We marched in the 60s; now we’re all 60. It’s time to use those same voices to make change.

The quote comes from a participant at the first meeting of The Radical Age Movement, a New York-centered but nationwide grass roots group that “challenges traditional notions of aging and introduces new ideas for building co-creative and interdependent communities.” Author Ashton Applewhite shared the quote on her Twitter page (twitter.com/thischairrocks).

The twitter account is an offshoot of the 68-year-old Brooklyn resident’s “This Chair Rocks: pushing back against ageism — which affects everyone” blog (thischairrocks.com) that she brought to the Internet in 2007. She uses social media to promote the blog.

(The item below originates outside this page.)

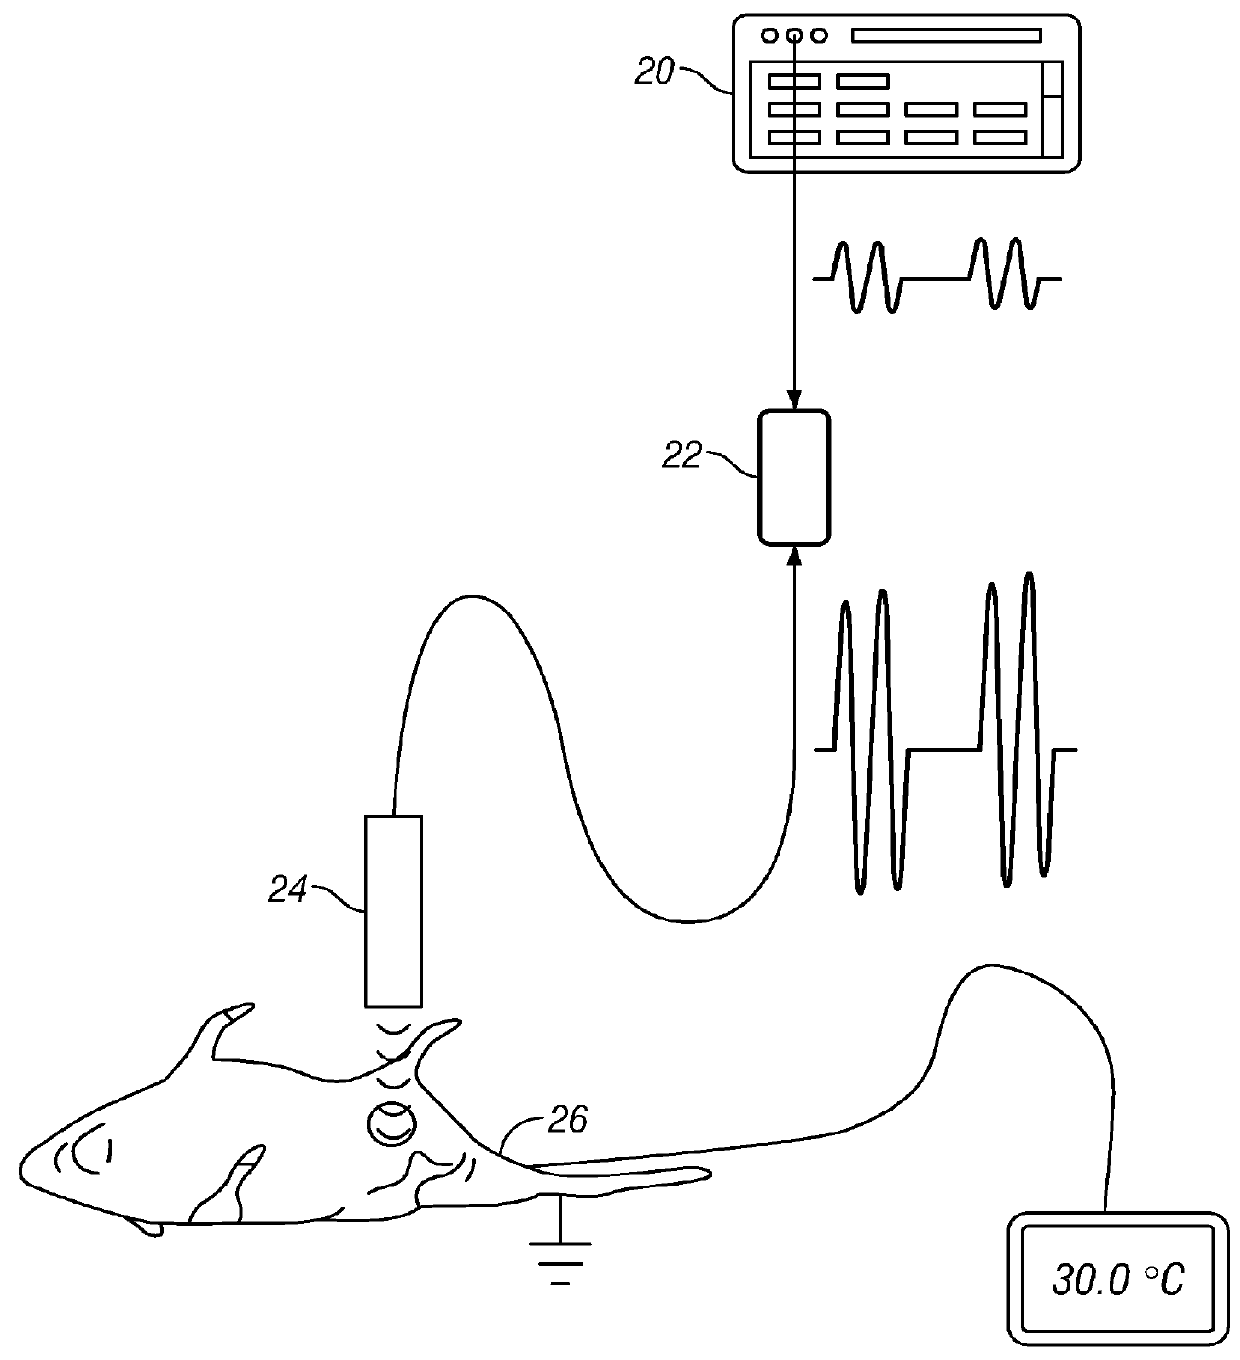 Methods and apparatus for treating a cervix with ultrasound energy

AA on raft“I’m a little bit of a technophobe and it is a bit of a struggle for me, but I am possessed by this cause and the need to raise awareness of ageism, and clearly if I’m going to do that, I need to use the tools of the day,” Applewhite said. “It’s very useful. I’ve met many good people. I’ve gotten work through it. I’ve done the groundwork because that (social media) is where the next generation does a lot of its communicating.”

And communicate she does, sometimes one person at a time, starting with a reporter’s question. When asked if having pro-active civic, political and cultural organizations like the Radical Age Movement allows members of her generation to revisit the excitement of their youth, she’s quick to scold. She points out that the phrasing of the question holds an age bias that suggests the most passionate civil participation takes place in people’s younger years.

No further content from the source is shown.